Regular Expression Generator

J

jeremyje

Is there a library or a way to generate an appropriate regular
expression for any given input string?
(remove quotes for examples)
For example: "1234567890abcdef is in hex9"
Regex Generator returns: [0-9|A-F]{16} [a-z]{2} [a-z]{2} [0-9|a-z]{3}

Or anything that does some sort of similar processing?
 
J

Josef Moellers

Is there a library or a way to generate an appropriate regular
expression for any given input string?
(remove quotes for examples)
For example: "1234567890abcdef is in hex9"
Regex Generator returns: [0-9|A-F]{16} [a-z]{2} [a-z]{2} [0-9|a-z]{3}

Or anything that does some sort of similar processing?

Hardly.
First of all, your example is incorrect: "[0-9|A-F]{16}" will not match
"1...abcdef".
Second, The following RE will also match:
"1234567890abcdef is in hex9" as will
"[0-9a-z]{16} [0-9a-z]{2} [0-9a-z]{2} [0-9a-z]{3}" as will
".{16} .{2] .{2} .{4}" as will
".*\s.*\s.*\s.*" as will
"\S+\s+\S+\s+\S+\s+\S+"

IOW There is no single "appropriate regular expression" but infinitly
many (or some number close to infinity) that it's unpractical.
 
X

Xicheng Jia

J

Jürgen Exner

Is there a library or a way to generate an appropriate regular
expression for any given input string?
(remove quotes for examples)
For example: "1234567890abcdef is in hex9"
Regex Generator returns: [0-9|A-F]{16} [a-z]{2} [a-z]{2} [0-9|a-z]{3}

Or anything that does some sort of similar processing?

Well, yes, sure: actually the desired RE is a constant: .*
For a more advanced RE you can even quantify it with the length of the
string.

Seriously: it is impossible to derive a generic RE pattern from a single
text sample.

And you provided the point in case: why are you scanning for [a-f] in the
first part (I assume the upper case is a mistake, otherwise the RE wouldn't
match anyway) but for a-z in the second part?

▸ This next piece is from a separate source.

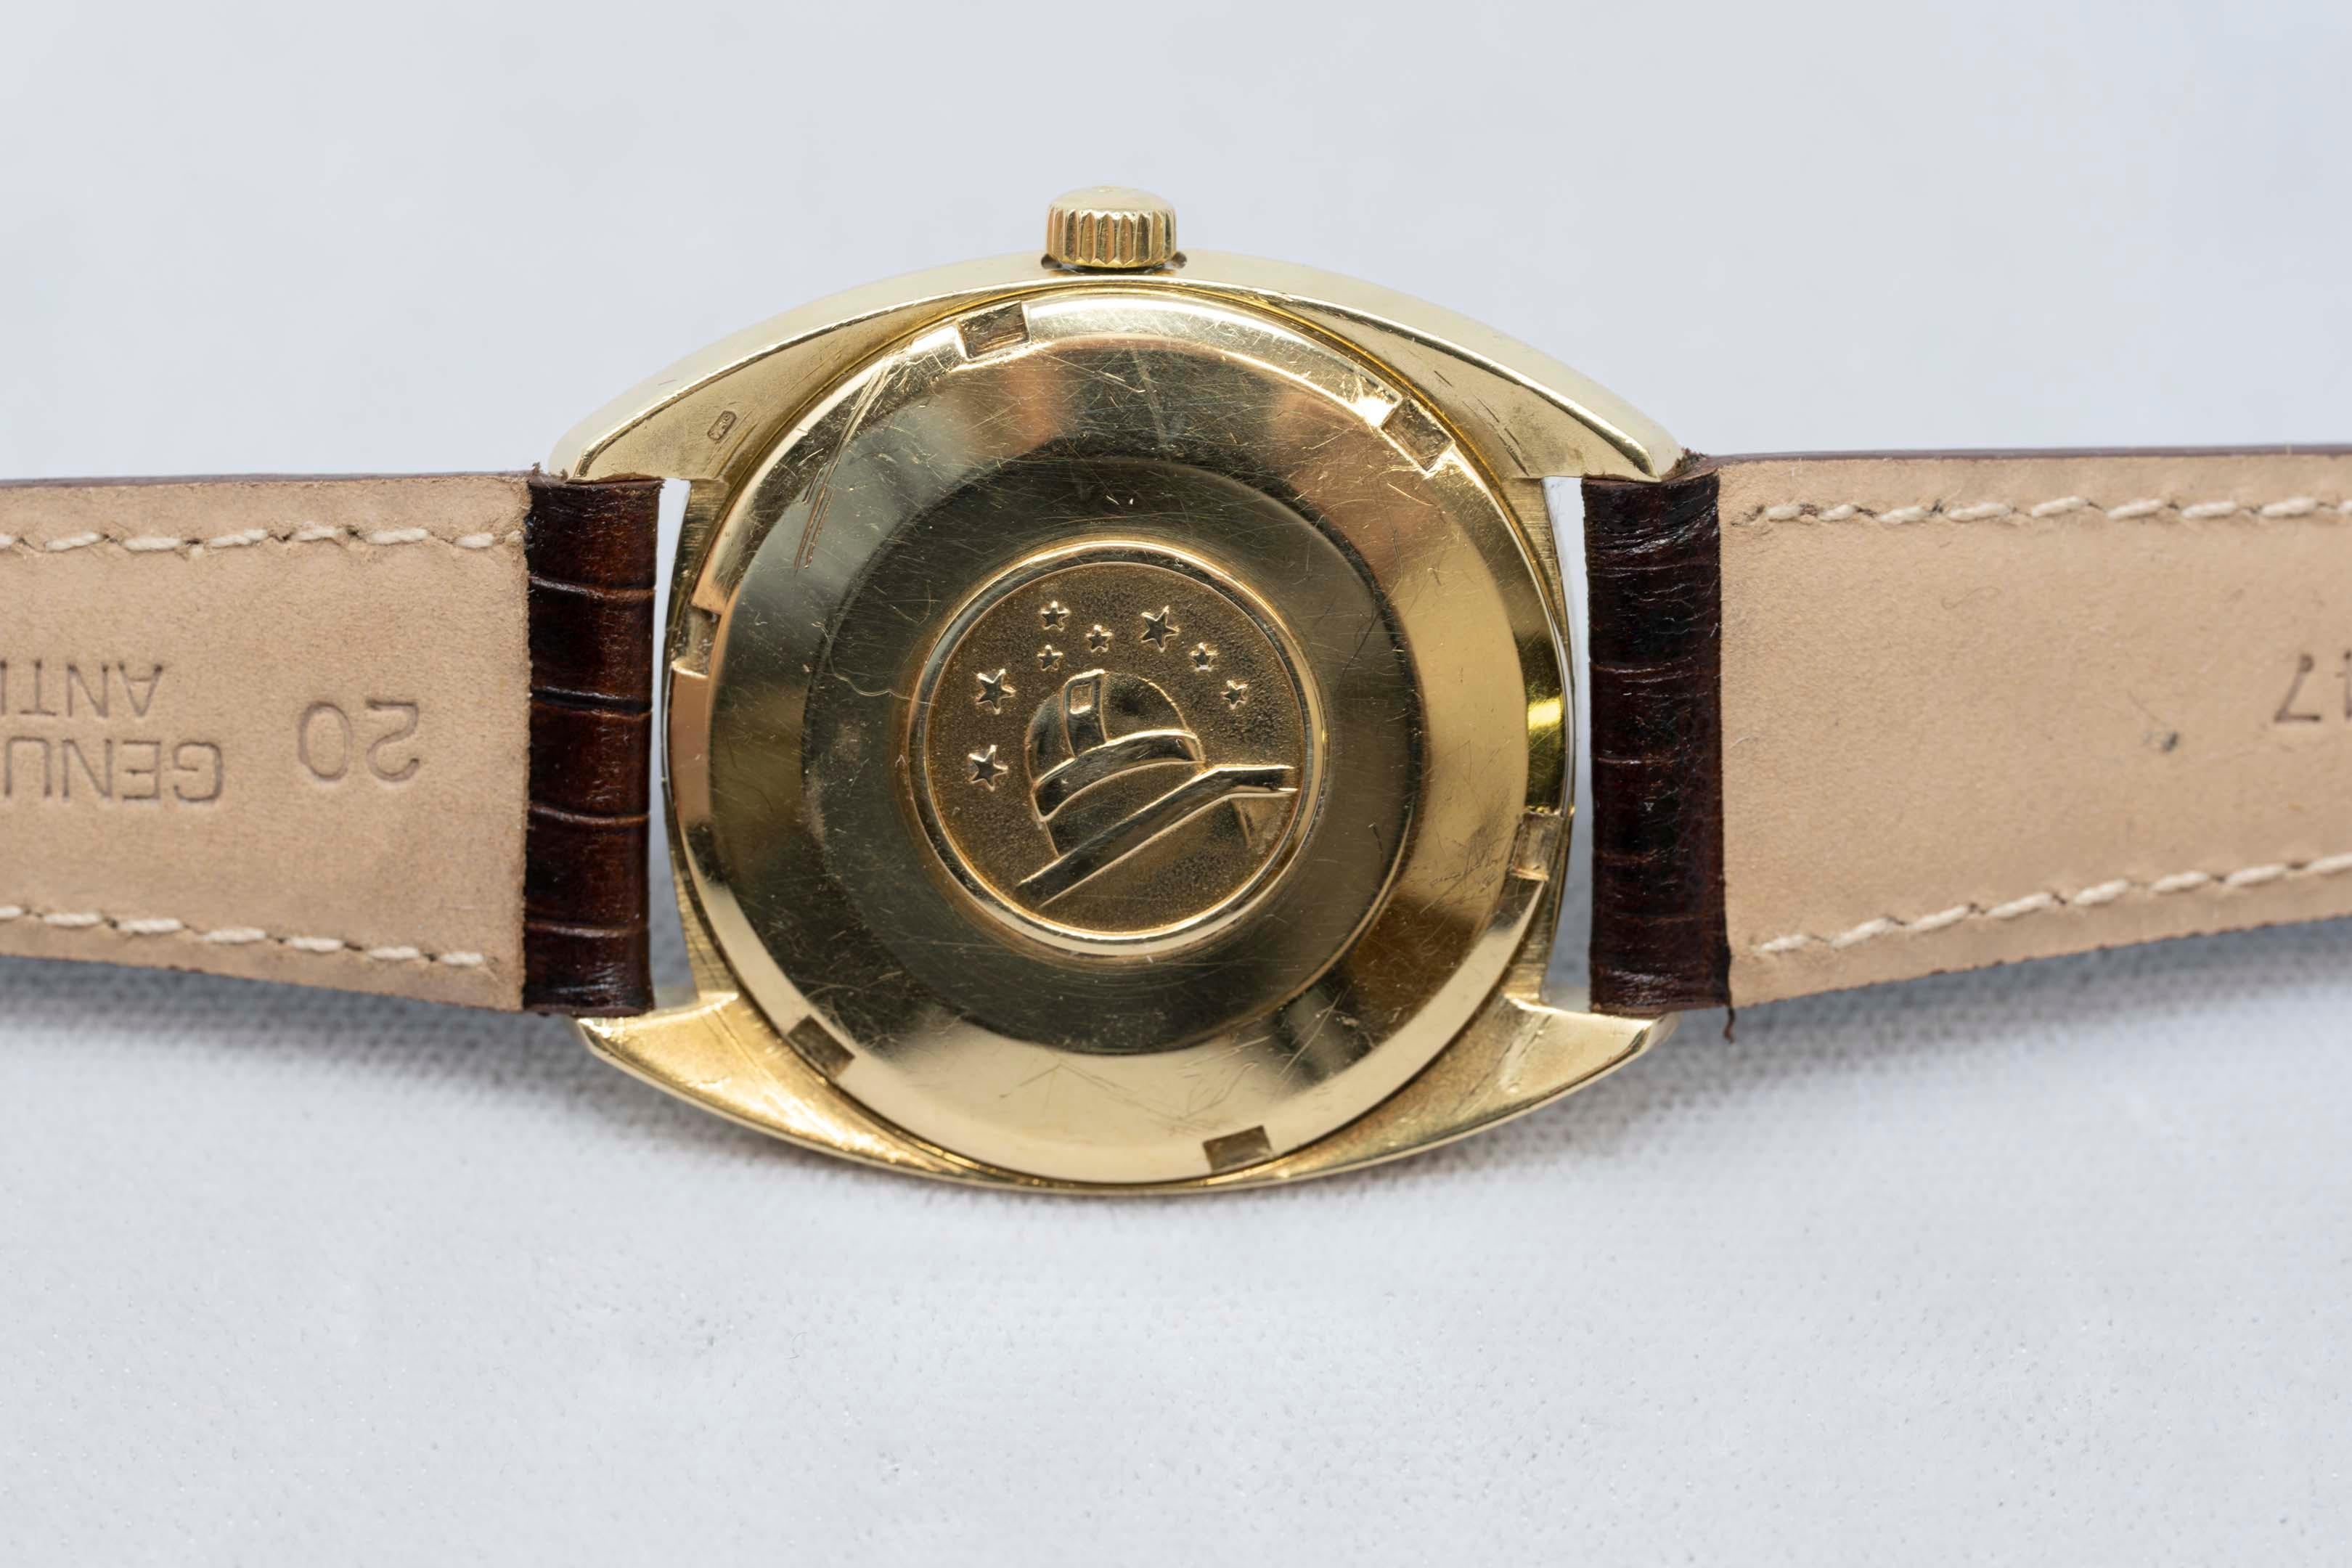 18k Gold Men's Watch Omega Constellation Chronometer In Good Condition For Sale In Montreal, QC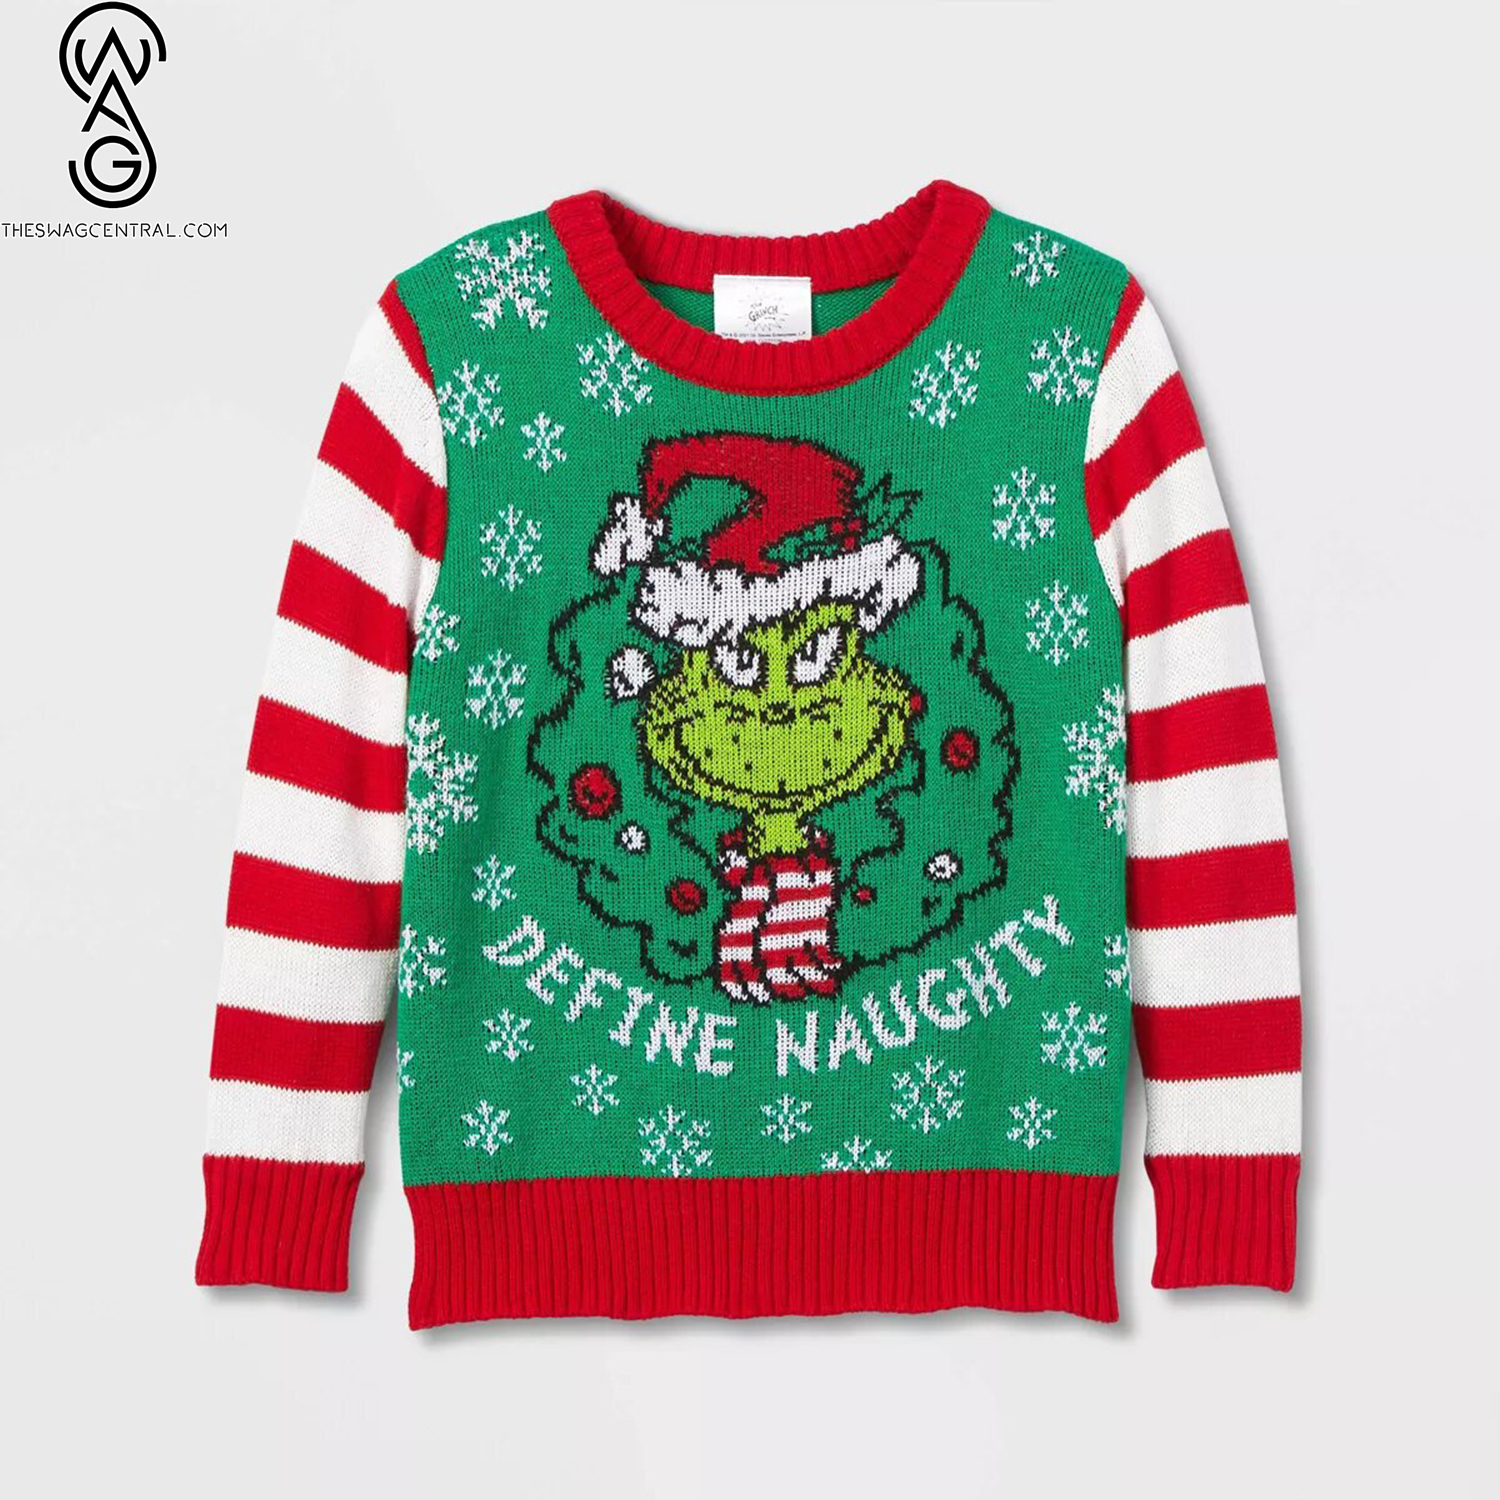 The Grinch Sweater This Christmas Season's Most Festive and Fun Gift Idea!

Shouldn't that be [is] or
maybe /is/? Without knowing the generic pattern it is impossible to know
what RE you me be looking for.

Jue
 
D

Dr.Ruud

(e-mail address removed) schreef:
Is there a library or a way to generate an appropriate regular
expression for any given input string?
(remove quotes for examples)
For example: "1234567890abcdef is in hex9"
Regex Generator returns: [0-9|A-F]{16} [a-z]{2} [a-z]{2} [0-9|a-z]{3}

Or anything that does some sort of similar processing?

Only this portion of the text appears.